Había una voz poderosa, segura de sí misma, convincente de autenticidad, un cantante popular muy conocido y admirado, por lo menos en estas áreas caribeñas: Daniel Santos, conocido como El Inquieto Anacobero.
Cuando mi padre se refería a lo efímero, solía referirse a ese vigoroso artista bohemio, quien expresaba su dolor por la escasa duración de todo lo bello, de lo grato y de lo útil, con una canción en la cual se dolía de que en cierto momento de su vida, ese maravilloso instrumento de su voz tan esencial para él- estuviese condenado a perderse. Cantaba: Cuando yo pienso que la voz dura tan poco, / me vuelvo loco y me duele el corazón
Digamos que las potencialidades externas, considerando sus diferencias, según las áreas o disciplinas de que se trate, tienen duración limitada y viene a ser imprudente empeñarse en prolongarlas.
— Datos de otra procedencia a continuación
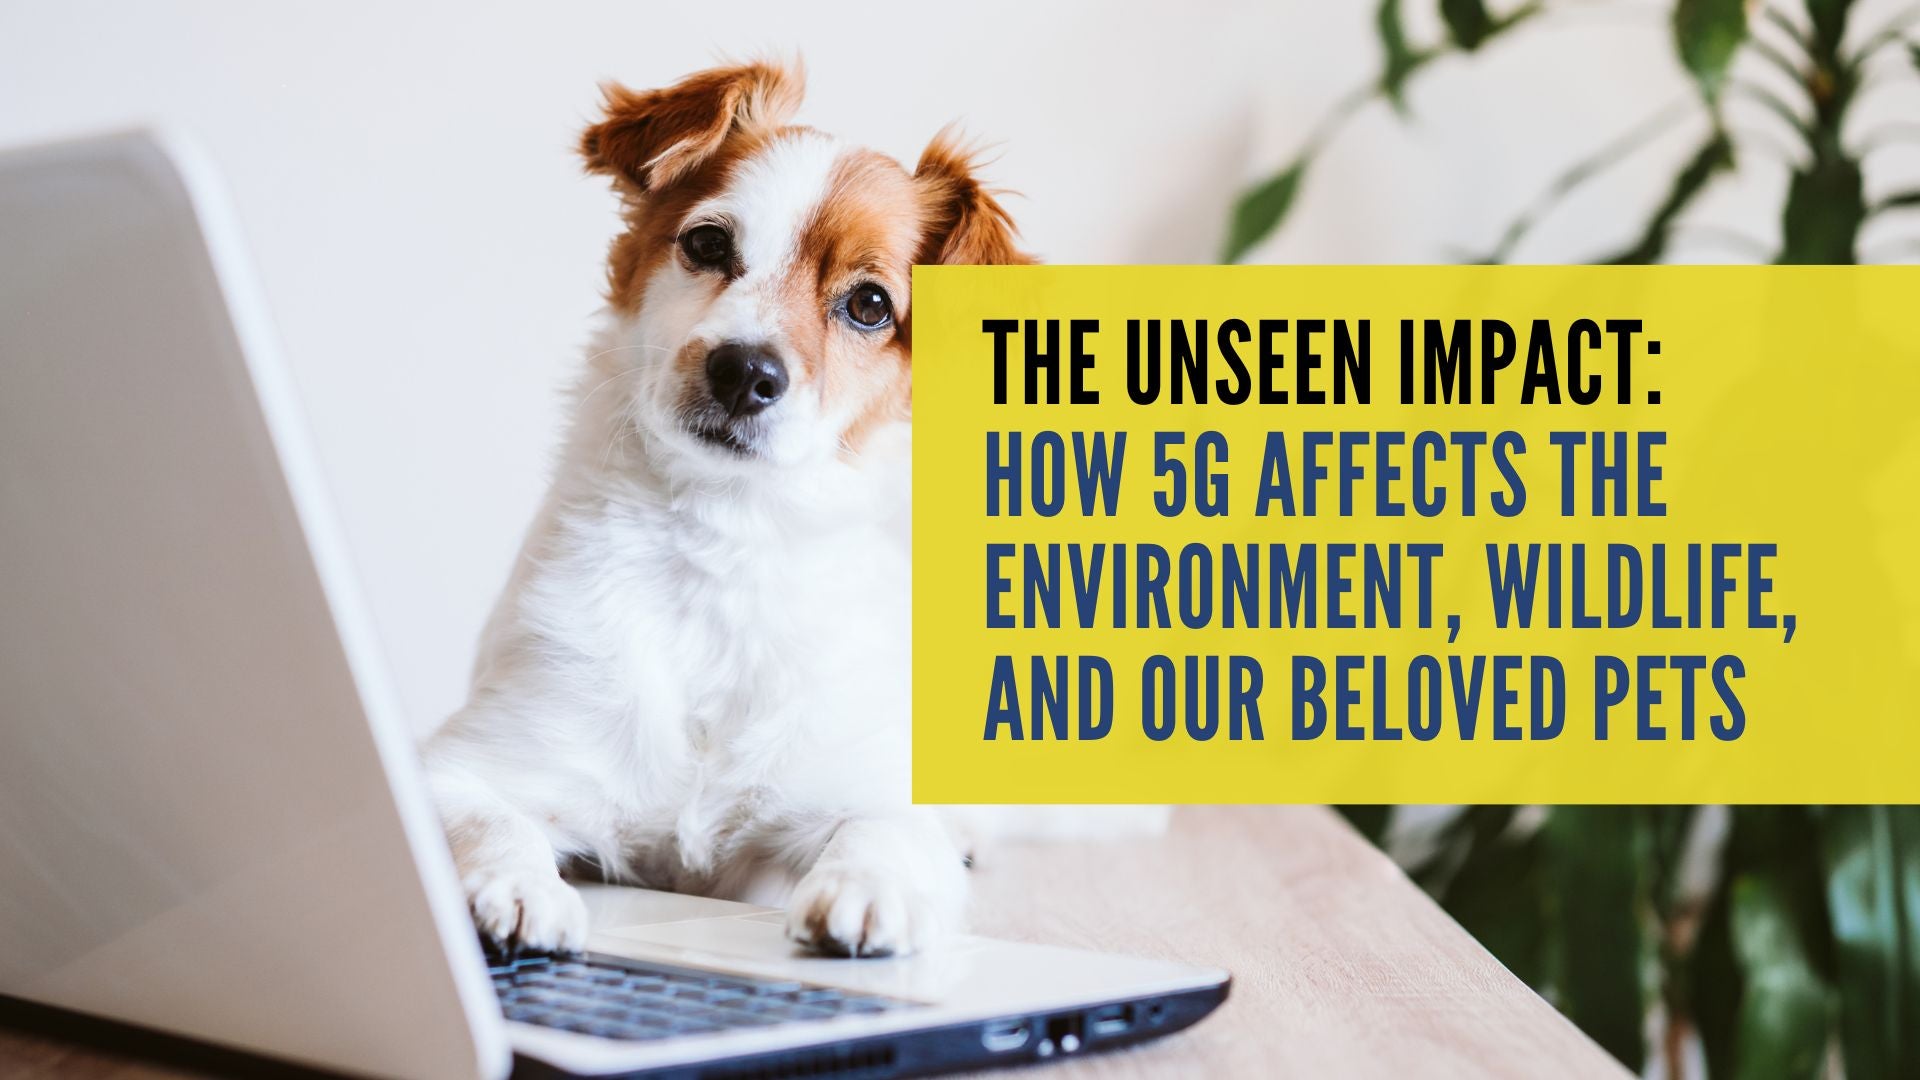 The Unseen Impact: How 5G Affects the Environment, Wildlife, and Your Beloved Pets

Tuve el privilegio de asistir (creo que a la última presentación pública) del maravilloso violinista Yehudi Menuhin, tocando el Concierto de Mendelssohn en el Royal Festival Hall de Londres, obra con la cual él maravillaba desde cuando era un prodigioso niño. Pero aquello fue penoso. La edad lo había vencido. No eran tantos sus años, pero sí los suficientes para tener que aceptar una declinación dolorosa tras una vida repleta de las exigencias propias de una carrera estelar como la suya, donde un pequeño error es una tragedia.
Ni en la vida ni en la naturaleza existen árboles mágicos.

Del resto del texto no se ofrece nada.